Коноваловскому заводу не суждено было заработать в полную силу и он, как «Титаник», ушёл в историю, растворился в глубинах чусовского леса.
Мы бродили по каютам и залам этого «Титаника», разглядывая камни фундаментов дома Яблонского и провалившиеся подвалы.
Дом был с большим подземельем. Сейчас оно затоплено мутной водой, в которой плавают бутылки из-под водки, брошенные местными «искателями». Фундаменты давали представление о размахе двухэтажного дворца.
Вечером у нашей стоянки появился на лодке пожилой рыбак Александр, уроженец деревни Чизмы. Он рассказал нам, что ещё в детстве бывал в Коноваловке. Малышом его когда-то заманил в лодку дед с помощью кулька конфет и отвёз сюда, к бабке — внука показать.
«Видишь, я до сих пор из лодки не вылезаю», — сказал он мне. Александру его дед рассказывал, что дом Яблонского был «о пятидесяти углах», сложной архитектуры. И что дом этот разобрали и сплавили до Чусового – а вот обратно собрать никто не смог! Интересно, как выглядел этот замок-призрак?

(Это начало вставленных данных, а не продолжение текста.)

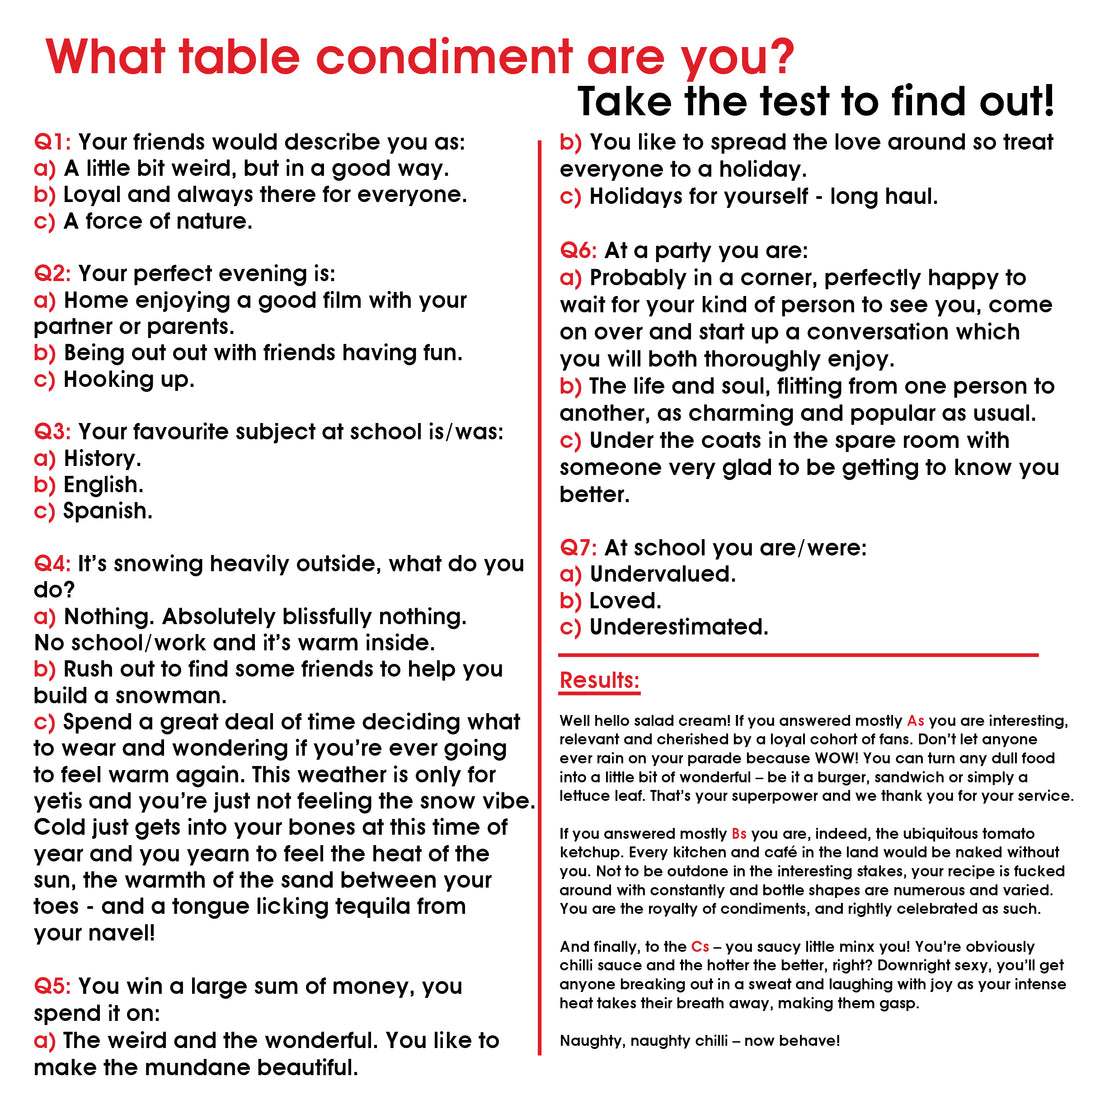 What Table Condiment Are You? Welcome to the Art of Mindlessness!

Обратимся снова за помощью к Шатрабаеву:
«Не потому ли душа у Вяткина отдыхала, когда за рояль садилась Зинаида Яблонская, и эта ярко освещенная гостиная с голубыми обоями и лакированным полом, с люстрой посреди потолка и ажурными зеркалами между большими окнами, выходящими на белесую гладь замерзшего Чусовского плеса, отогревали от будничных передряг неожиданно устроенной в «медвежьем углу» стройки».
«Иные чувства испытывал инженер Вяткин, когда бывал у Яблонского в домашнем кабинете, который одновременно был приёмной для местных чиновников. Здесь посреди комнаты находился широкий и длинный коричневый стол, а на нём, словно царская корона над цветными головными уборами, возвышался большой самовар, возле которого теснились чайные приборы и ваза с фруктами; на окнах висели полуоткрытые темно-малиновые портьеры. От такой же сумрачной мебели, дивана и кресел комната казалась маленькой и стесняющей не только движения, но и мысли постороннего человека».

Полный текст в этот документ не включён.